Re: Which is simpler: /y/ or /iw/?
From: | Andreas Johansson <andjo@...> |
Date: | Wednesday, June 4, 2008, 23:07 |
Quoting "Mark J. Reed" <markjreed@...>:
> On Wed, Jun 4, 2008 at 11:53 AM, Andreas Johansson <andjo@...> wrote:
> >> Ah, so it took a side trip. Well, that explains the existence of a
> >> discrepancy,
>
> > I don't think it explains anything.
>
> Sure it does: it pushes the question back on to the Romance speakers.
> No longer is it English borrowing things differently; it's Latin
> changing internally.
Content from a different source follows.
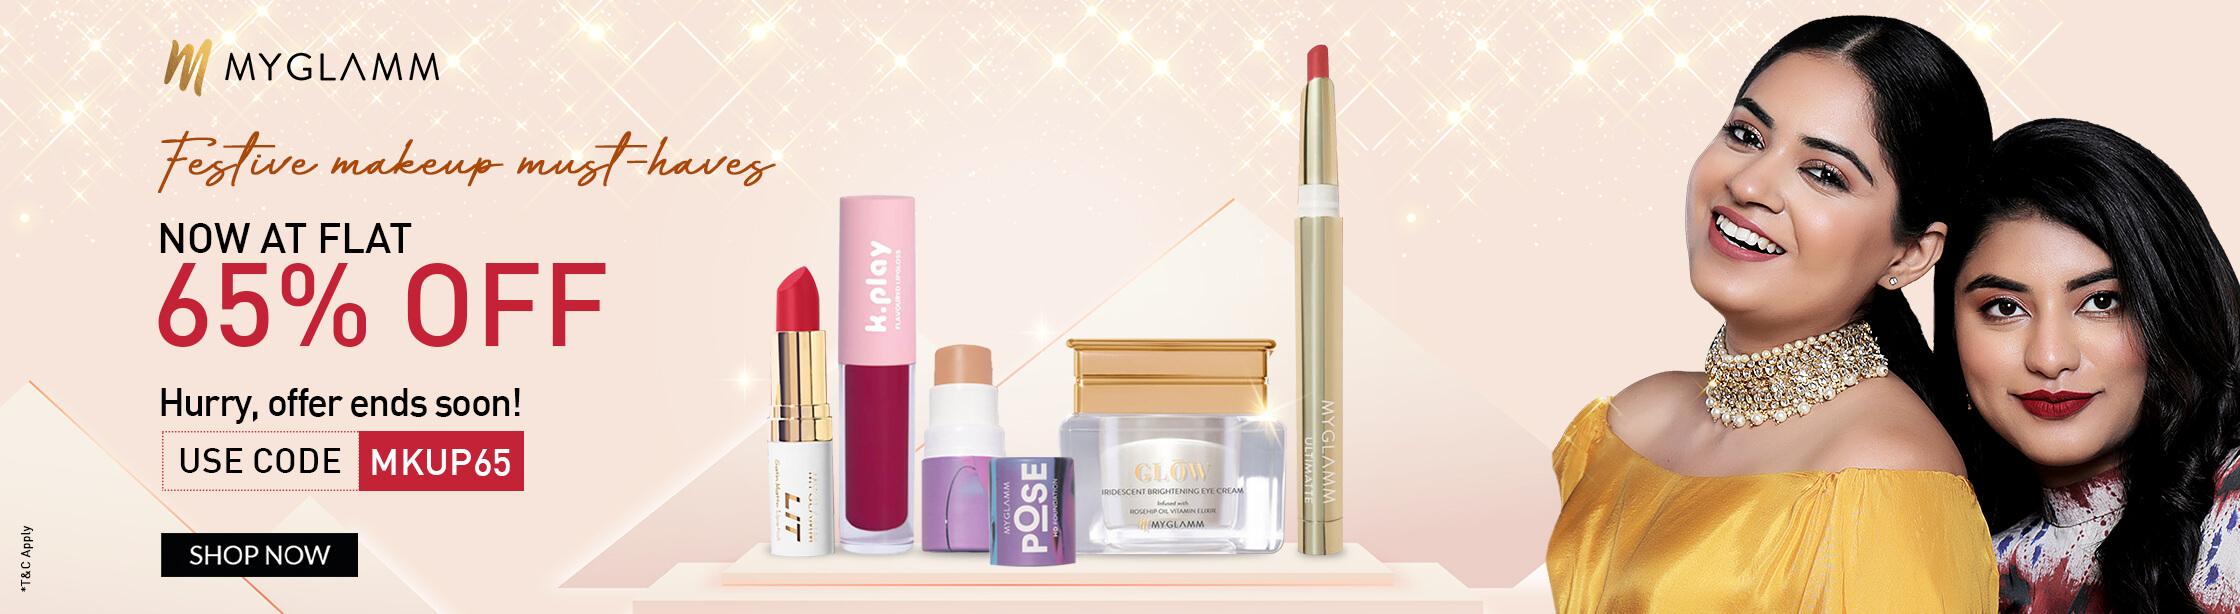 Makeup Category Sleek Banner

Poof, no longer my problem. ;-)
>
> Ray pointed out offlist that "simplicare" did exist in Classical
> Latin, while "simplificare" is not attested; yet clearly the latter
> must have existed in Medieval Latin to give rise to French
> "simplifier". So the mystery is, what happened to the Latin word in
> between?
Perhaps, confronted with forms like French _simple_, the medievals felt that the
root was _simpl-_ rather than _simplic-_, and reidentified the now anomalous
_-ic-_ with the _(-i)fic-_ common enough in causatives? (_-ficare_ is related to
_facere_ "make") Just a guess.
Alternatively, the Classical form (which isn't listed in my Latin dictionary and
I therefore suspect might have been rare) was just forgotten and Medieval Latin
invented a new verb for the same meaning using the same root.